主要な顧客は銀行や消費者金融、自動車ローン業者などの信用供給者で、これらの売り手が回収を断念したアカウントを買い取ります。同社の収益は、買い取った債権から実際に回収した金額と、購入価格や回収コスト、資金調達コストの差額で成り立っています。取引は単発の買い取りのほか、定期的に債権を取得する契約によるものもあります。

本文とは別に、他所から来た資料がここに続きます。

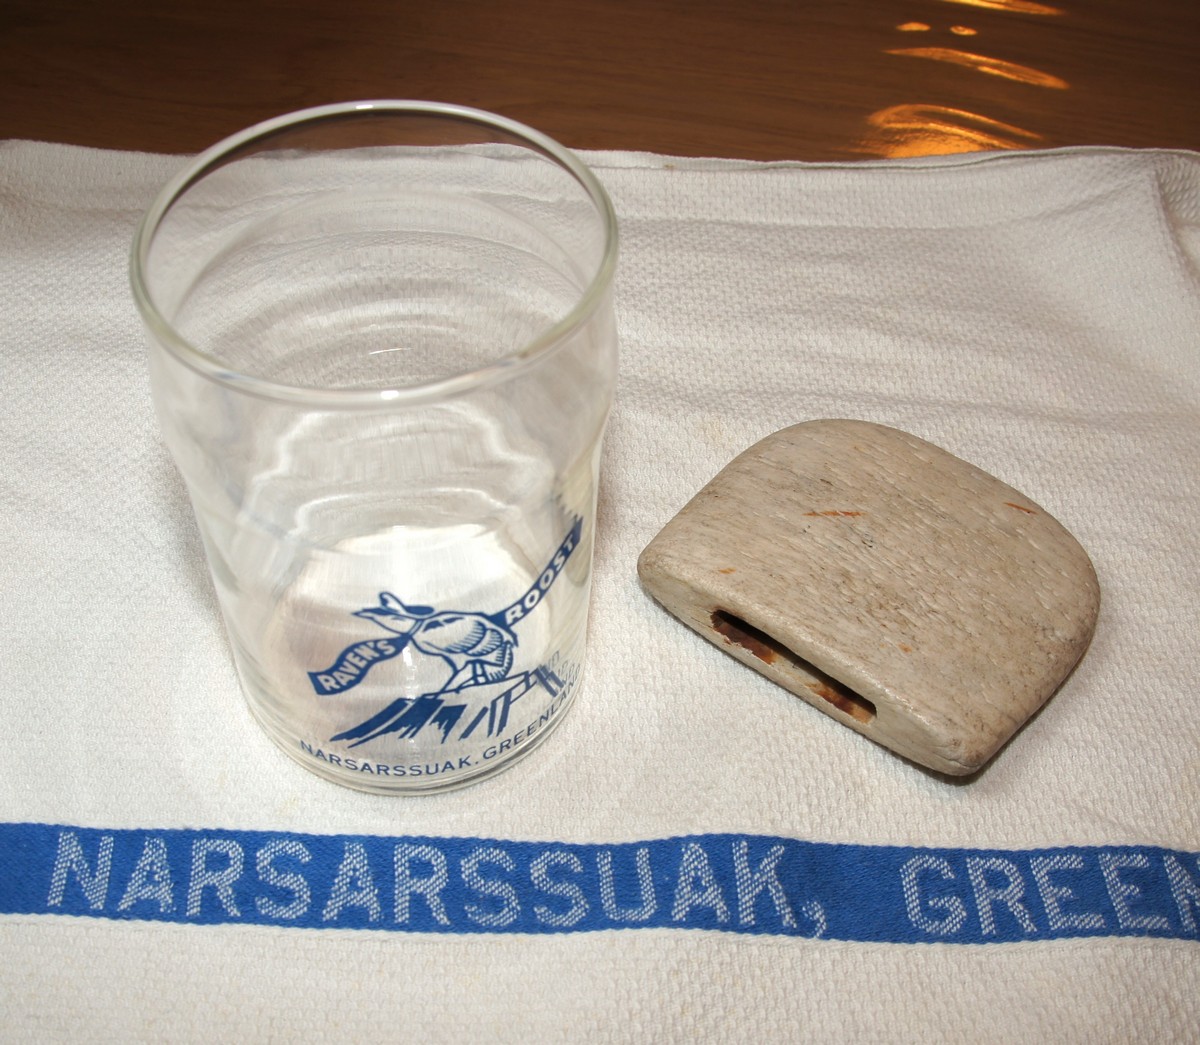 Narsarsuaq-billeder/Narsarsuaq%20souveniers%20korr%20DSC03592.jpg
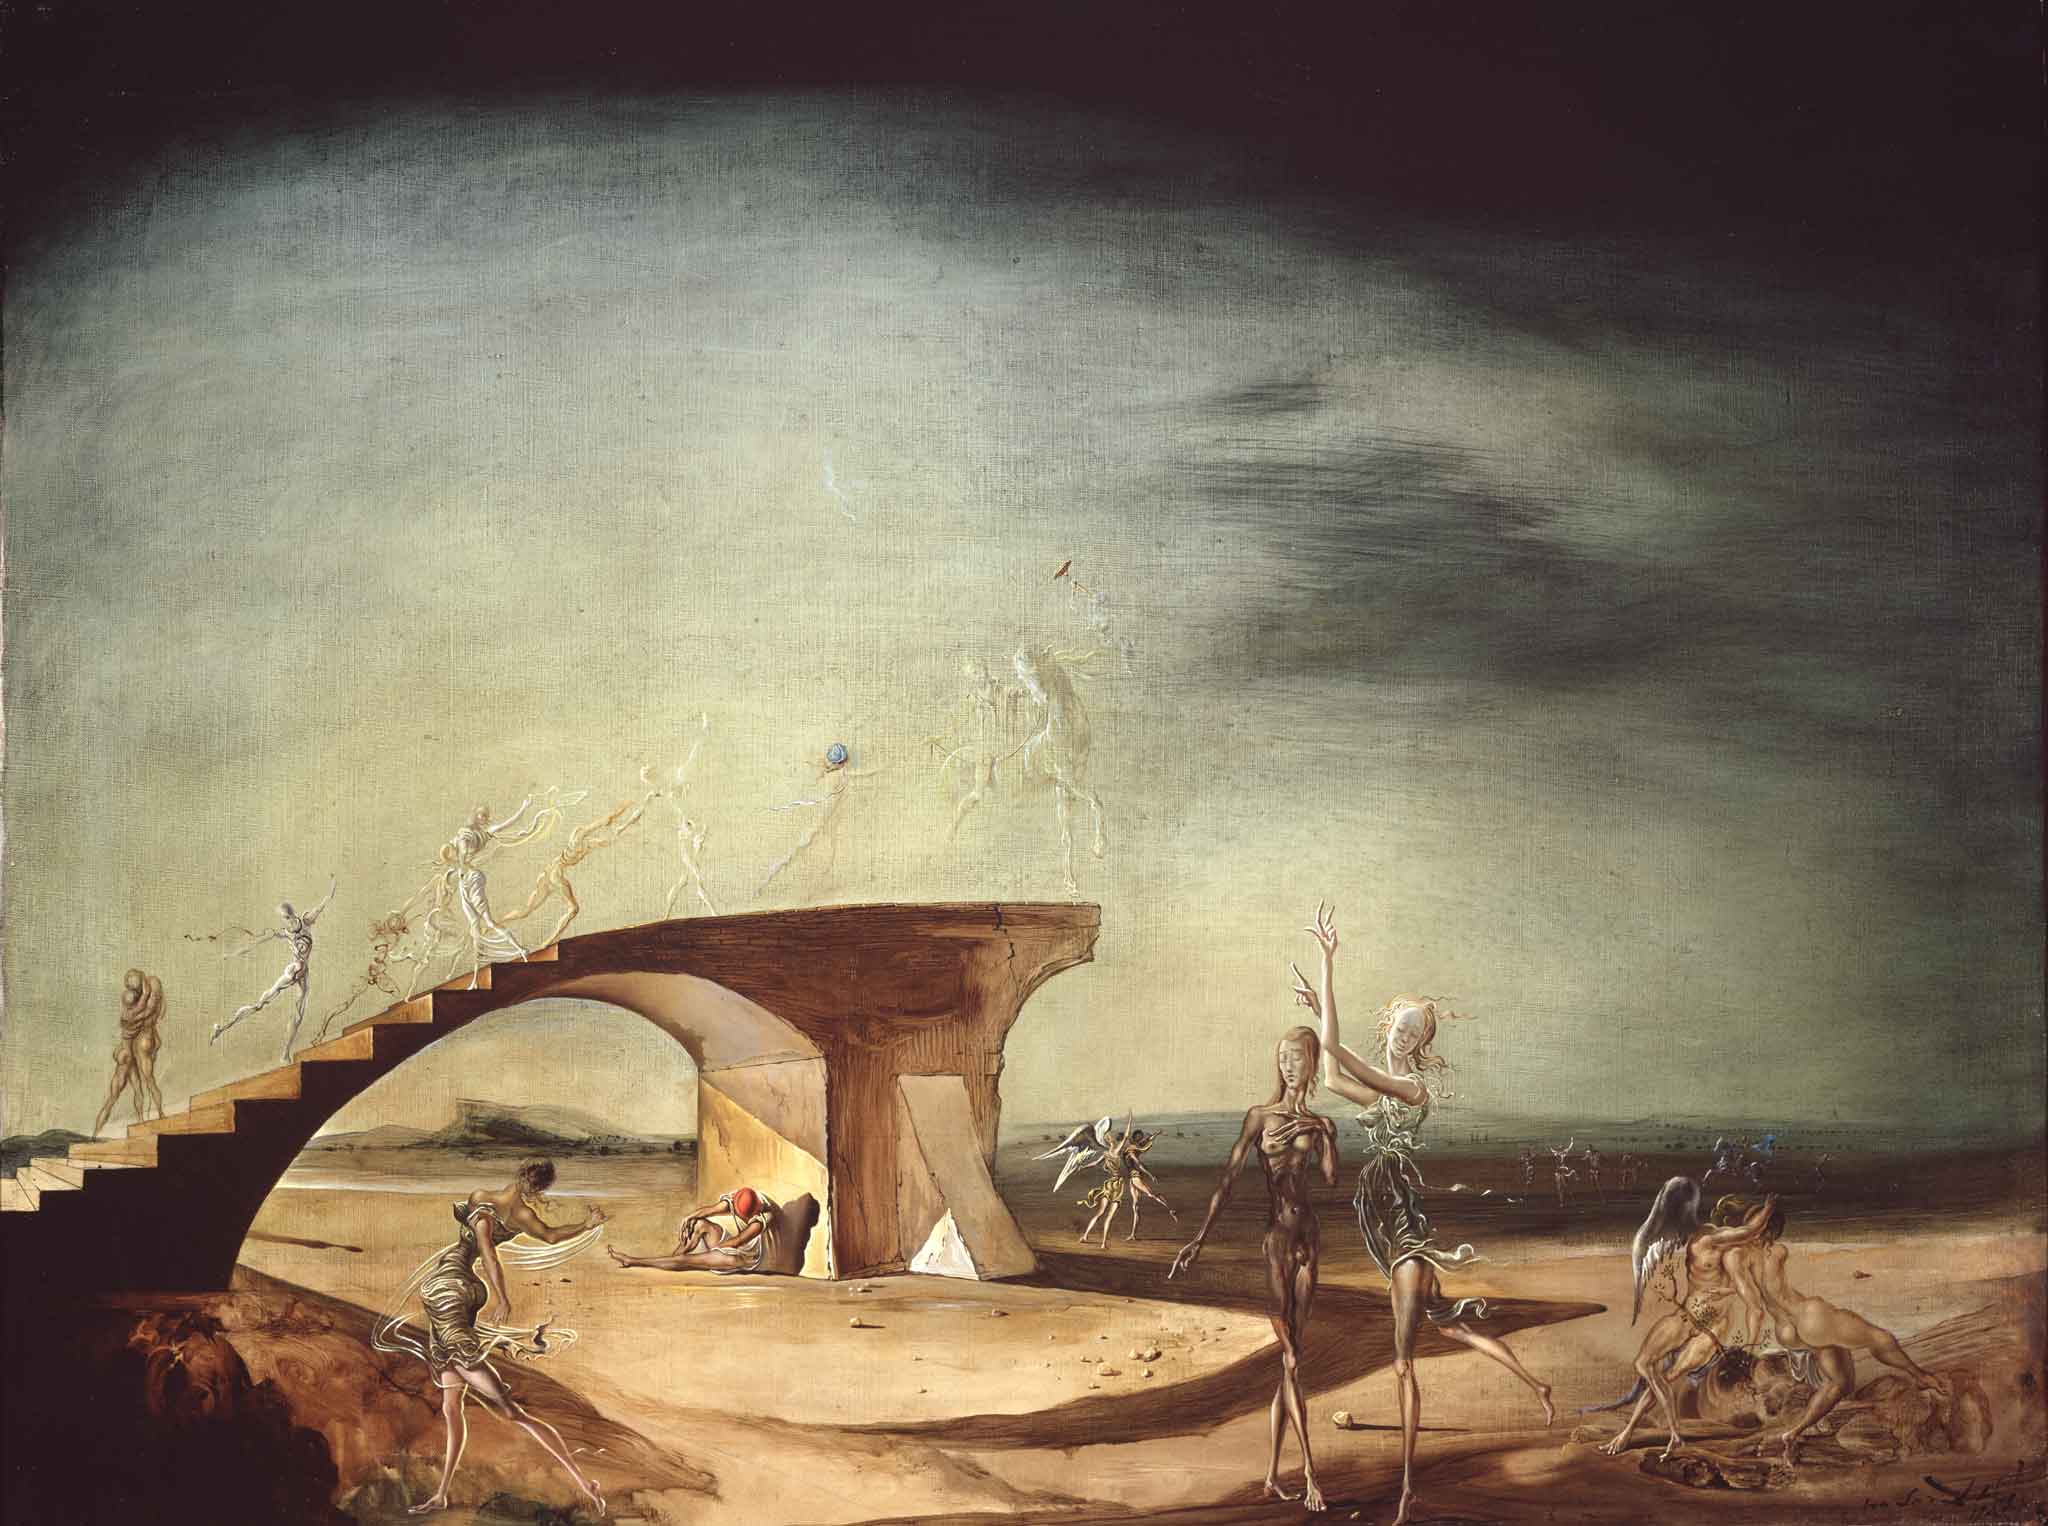 Salvador Dali's painting "Broken Bridge"

事業の中核は不良債権の買い取り・回収事業で、これに加えてクラスアクションの回収を専門に扱う事業を運営しています。同社は一般向けクレジットカード、消費者ローン、自動車ローン、当座貸越や小規模事業向けローンなど多様な債権を扱い、社内のコールセンターや外部委託先、海外拠点や在宅勤務を組み合わせて回収業務を実行しています。
経営方針
PRA Groupは、割引された価格で不良債権(返済が滞った個人向けローン)を買い取り、回収して利益を上げるビジネスモデルを中核に、収益性と資本効率の向上を図る成長戦略をとっています。同社は2024年末時点で純償却後のファイナンス債権残高を約41億ドルまで拡大しており、これは前年から約13.2%増加した結果で、年間で約14億ドル分のポートフォリオを購入したことが主因です。直近の計画では、既存の購入契約(フォワードフロー)に基づき向こう12か月で約4.99億ドルの買い付け見込みがあり、同社はこれらの継続的な仕入れを通じて現金回収を拡大し、Adjusted EBITDAやROATEといった指標での改善を目指しています。
同社は、購入判断と回収効率を高める重点投資を行うことで他社との差別化を図っています。具体的には、過去の回収実績と市場データを組み合わせた独自のモデリングで買値を決定し、投資委員会による審査を経て取引を実行します。回収面では内製のコールセンターと外部ベンダーを組み合わせ、オフショア要員の拡大や在宅勤務のパイロット導入により米国の拠点を6か所から3か所へ集約するなど、コスト低減と生産性向上に投資しています。また、グローバルに米州・欧州・オーストラリアで事業を展開していることを活かし、販売元(銀行など)との関係構築で継続的な買付権を獲得しています。
同社は新市場や事業ポートフォリオの見直しも並行して進めています。例えばブラジル関連の投資持分11.7%の売却手続きを2025年半期内に完了する見込みで、為替等条件に基づき約2,500万ドルの税引後純益を見込んでいます。地域別には米州・オーストラリアで約4.03億ドル、欧州で約9,580万ドルのフォワードフローを想定しており、条件が合致する市場ではスポット買いと定期買いの両方でポートフォリオ規模を柔軟に拡大していく方針です。同社は財務面での柔軟性確保のために債務調達も活用しており、2024年は約33億ドルの借入残高を管理しつつ、株主還元余地(最大1.5億ドルの自社株買い枠で残り約6,770万ドル)も維持しています。
同社は技術革新による回収効率向上を重要な柱と位置づけています。将来回収見込みを割引現在価値で算出する手法や大規模データを用いた価格付けモデルの整備に加え、デジタル接触チャネルや自動化ツールの導入で回収コストを下げる取り組みを進めています。AIの活用やサイバーセキュリティ対応も経営課題として明示しており、同社はこれらに投資して運用の精度を高めることで、法規制対応とコンプライアンスを保ちつつ収益の持続的な拡大を目指しています。